175th Fun Facts

  • The first Confessional inside the original Immaculate Conception Church was finished in April 1902 and cost a grand total of $48.

 

  • The cornerstone of the “new” Immaculate Conception Church on Bow Street – built in 1973 – contains copies of The Delmarva Dialog (the Catholic newspaper of our diocese), The Cecil Whig and The Cecil Democrat. 

 

  • As the Catholic community in Elkton was growing, the pastor at the time (Father George King, S.J., from Old Bohemia) recognized the need for a permanent Church structure in the town. It took two years for the building to be finished along Bridge Street, but as it was nearing completion, the contractor refused to hand over the keys to Fr.
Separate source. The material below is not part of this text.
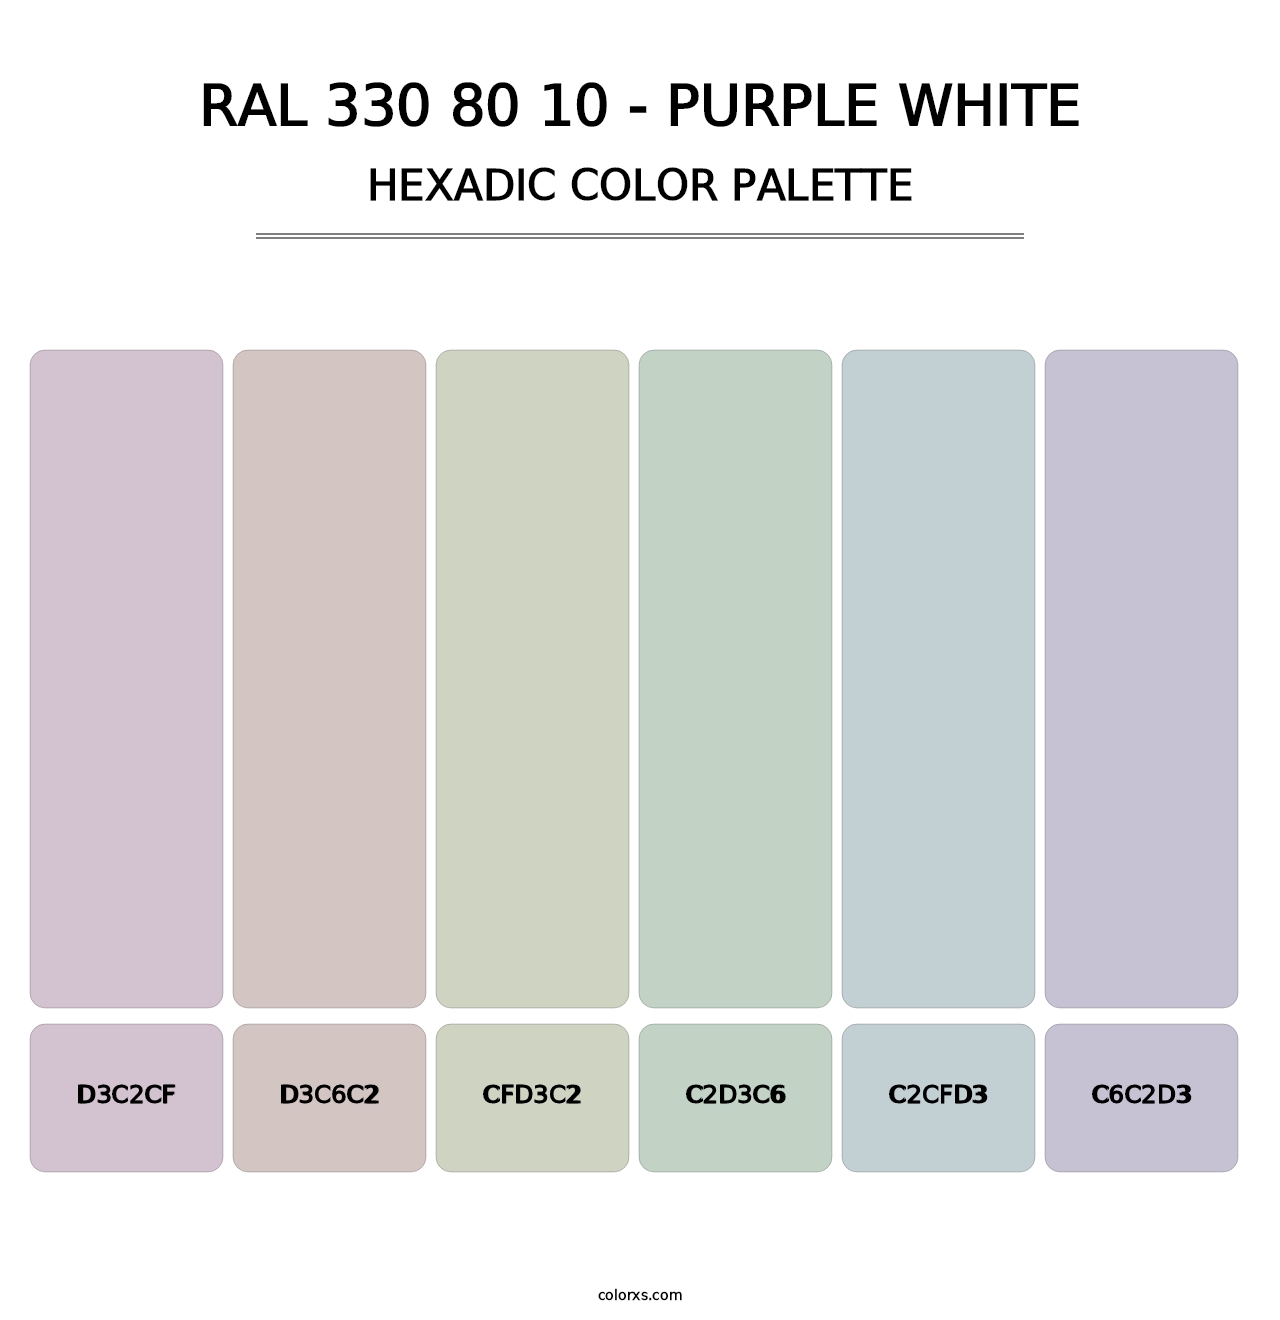 RAL 330 80 10 - Purple White - Hexadic Color Palette

King. More than $600 was still owed, and King was nearly remanded into the hands of the sheriff until the bishop and diocese stepped in to save the entire situation.

 

  • Parishioner Alice L. McDaniel donated the land which was used to build St. Jude’s in North East. Finished in the summer of 1969, the mission church was dedicated on October 26 of that same year.

 

  • According to parish history, the first Immaculate Conception Christmas Bazaar was held on December 6, 1902, in which a dinner set, and silver service were raffled off. Nearly $850.00 was netted at this first fundraiser for the church. 

 

  • Jesuit priests would minister to scattered Catholics in Cecil County in the 1700s, their home base being St. Francis Xavier (Old Bohemia) in Warwick, Maryland. Many of the Catholics living in Elkton at the time were Irish laborers digging the C&D and Susquehanna canals or working at local iron furnaces.

 

  • In 1969, Rev. James P. Eckrich was appointed pastor of Immaculate Conception parish and was tasked with the “good problem” of creating more worship space to accommodate the growing number of Catholic families in Elkton. In time and after many surveys and studies, the decision was made to close the original church on Bridge Street and build a new worship site next to the existing grammar school. Philadelphia-based architect Edward Holland was chosen as designer of the current church structure, and groundbreaking for the new Immaculate Conception Church was held on September 17, 1972 – fifty-one years ago today. Sight and Sound Theatres' "Miracle of Christmas".

 

  • The first resident pastor of Immaculate Conception Church was the Rev. Francis Blake, described as a “polished Irishman of short stature and red hair.” He arrived here shortly after the Diocese of Wilmington was created in 1868, and named pastor by our first bishop, the Most Rev. Thomas A. Becker.

 

  • The original mission of Immaculate Conception Church (begun in 1849) started with only seven families in Elkton and the outlying very-rural parts of eastern Cecil County.

 

  • A practice known as ‘pew renting’ was first mentioned in the Immaculate Conception parish records of 1860. Although the pastor at the time was hoping to raise $300 through this method, only $97 was actually collected, $6.00 of which was found to be counterfeit.